Guests included speakers from Credit Suisse discussing the performance of the Japanese economy, the Japanese External Trade Organisation (JETRO) Geneva presenting the advantages of doing business in Japan, the Japanese Ministry of Economy Trade and Industry (METI) with examples of how Japanese businesses are adopting new business strategies, two Swiss businesses reporting on their expansion into Japan, and the Swiss-Japanese Chamber of Commerce (SJCC).
Two other guests were the Swiss ambassador to Japan, HE Jean-Francola Paroz, and the Japanese ambassador to Switzerland, HE Etsuro Honda. It was very interesting to see two people in the same role talk about their impressions of the similarities and relationship between the two countries.
HE Paroz pointed out that Switzerland sees Japan as a strategic partner, and that as a small country Switzerland saw it as a challenge to bring something interesting to the table. He also mentioned that Japan is currently Switzerland’s fourth largest trading partner, and that Switzerland ranks number six for foreign investment in Japan. He sees the relationship between the two countries as both excellent and strong, with many sister cities (and cantons/prefectures), double taxation and social security agreements, and stable national governments and legal systems.
He also mentioned values that he sees as shared between the two countries that make them well suited to work together:
- respect for quality and hard work
- concern for the common good
- ability to integrate innovation and tradition
HE Paroz also commented that reducing costs for current products or services was less effective than offering innovative products and services, which is what he expected from Industry 4.0.
HE Honda remarked that the problem with Swiss-Japanese relations was that there are no problems! Instead of having to concentrate on resolving known issues, the ambassadors were more focused on the open-ended and undefined task of growing the already positive connection between their countries.
A former economics adviser to Japanese Prime Minister Shinzō Abe, HE Honda spoke about the difficulties caused by Japan’s long recession (the “lost decades”) and how Abenomics was trying to rectify the situation. Reminiscing about his time in New York when he had contacts at the Federal Reserve, he remembered being warned that deflation was not just the opposite of inflation and could cause serious problems if left unchecked. He also discussed the timing of the increases in Japanese consumption tax, which was introduced in 1989 at 3%, increased to 5% in 1997, then to 8% in 2014, with the final increase to 10% planned for October 2019, right before the Tokyo Olympic Games. He felt that the timing of these increases resulted in decreased growth and triggered and/or extended recession.

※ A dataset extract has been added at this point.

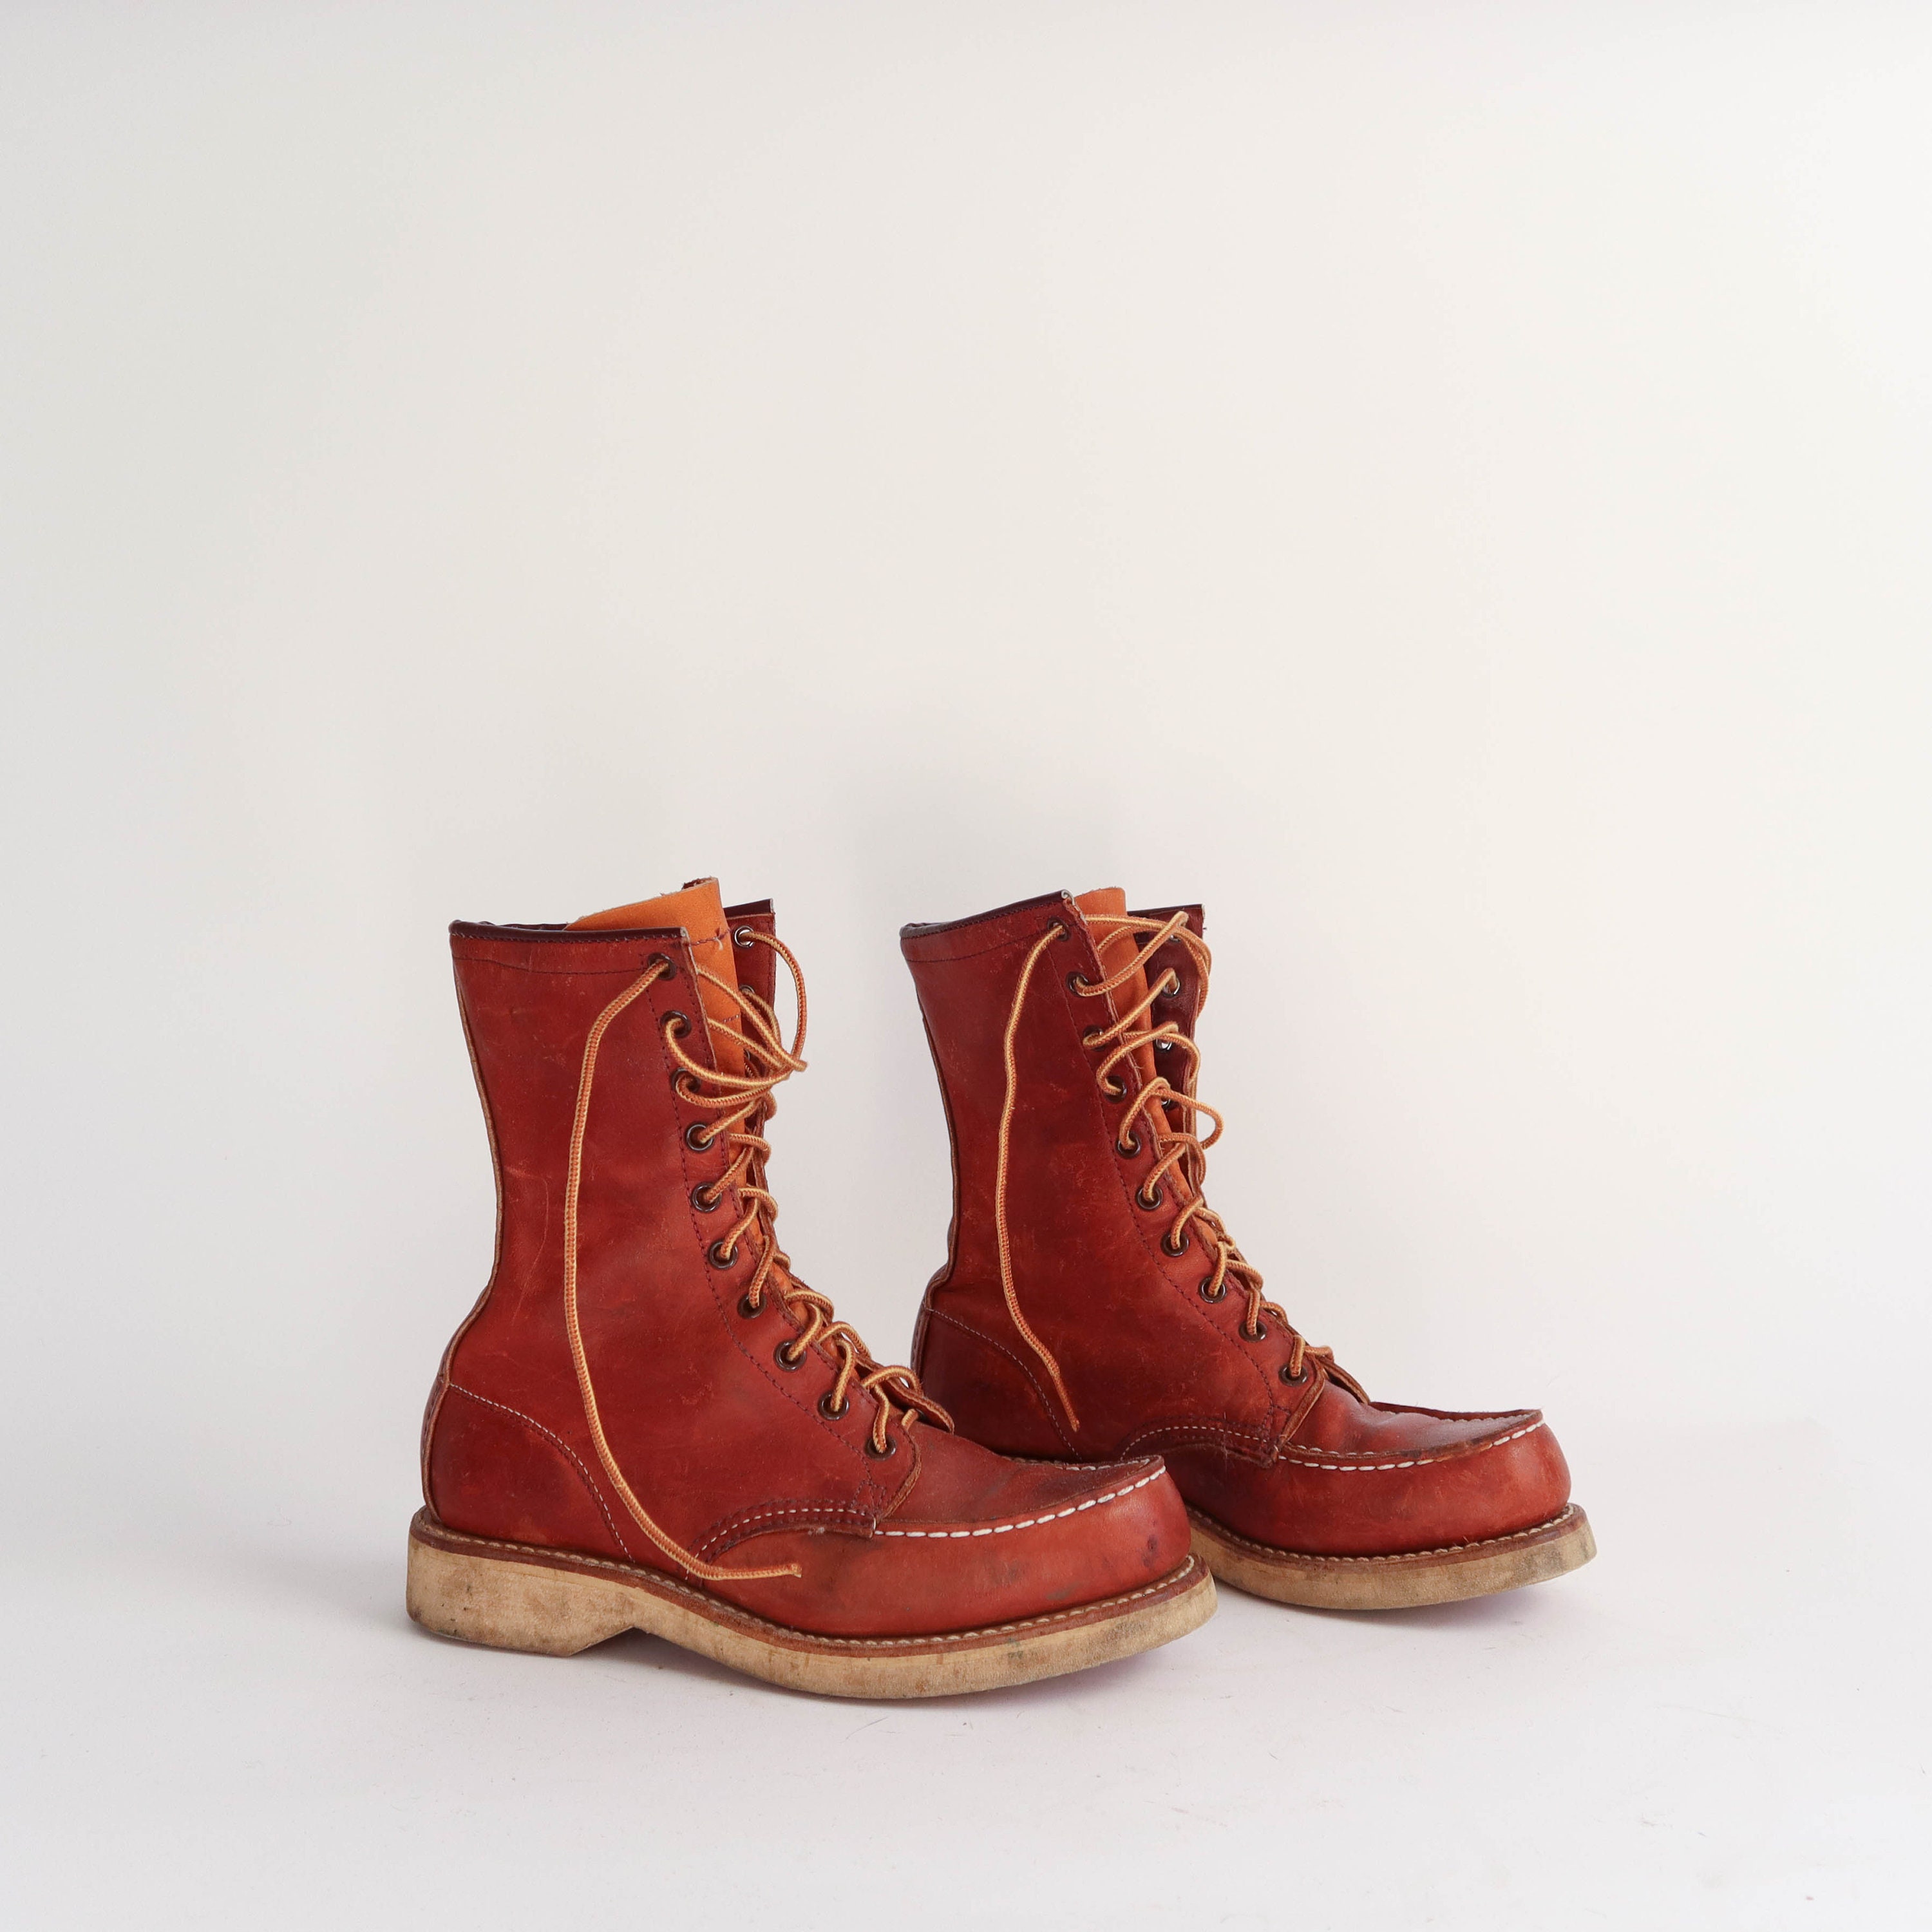 hudson bay boots sale

He also commented that there was a perception among Bank of Japan officials that the recession was structural, linked to demographic changes in the Japanese population with its rapidly ageing workforce. However, he noted that other countries with similar demographics were not experiencing the same economic effects and came to doubt this explanation. He reflected that younger Japanese can no longer expect the same working conditions as their parents, instead facing lower salaries and loss of security with the rise of temporary and contract work. He reasoned that an effort to improve conditions and productivity is needed to increase consumer spending and encourage the younger generation to choose to take on the responsibility of starting a family.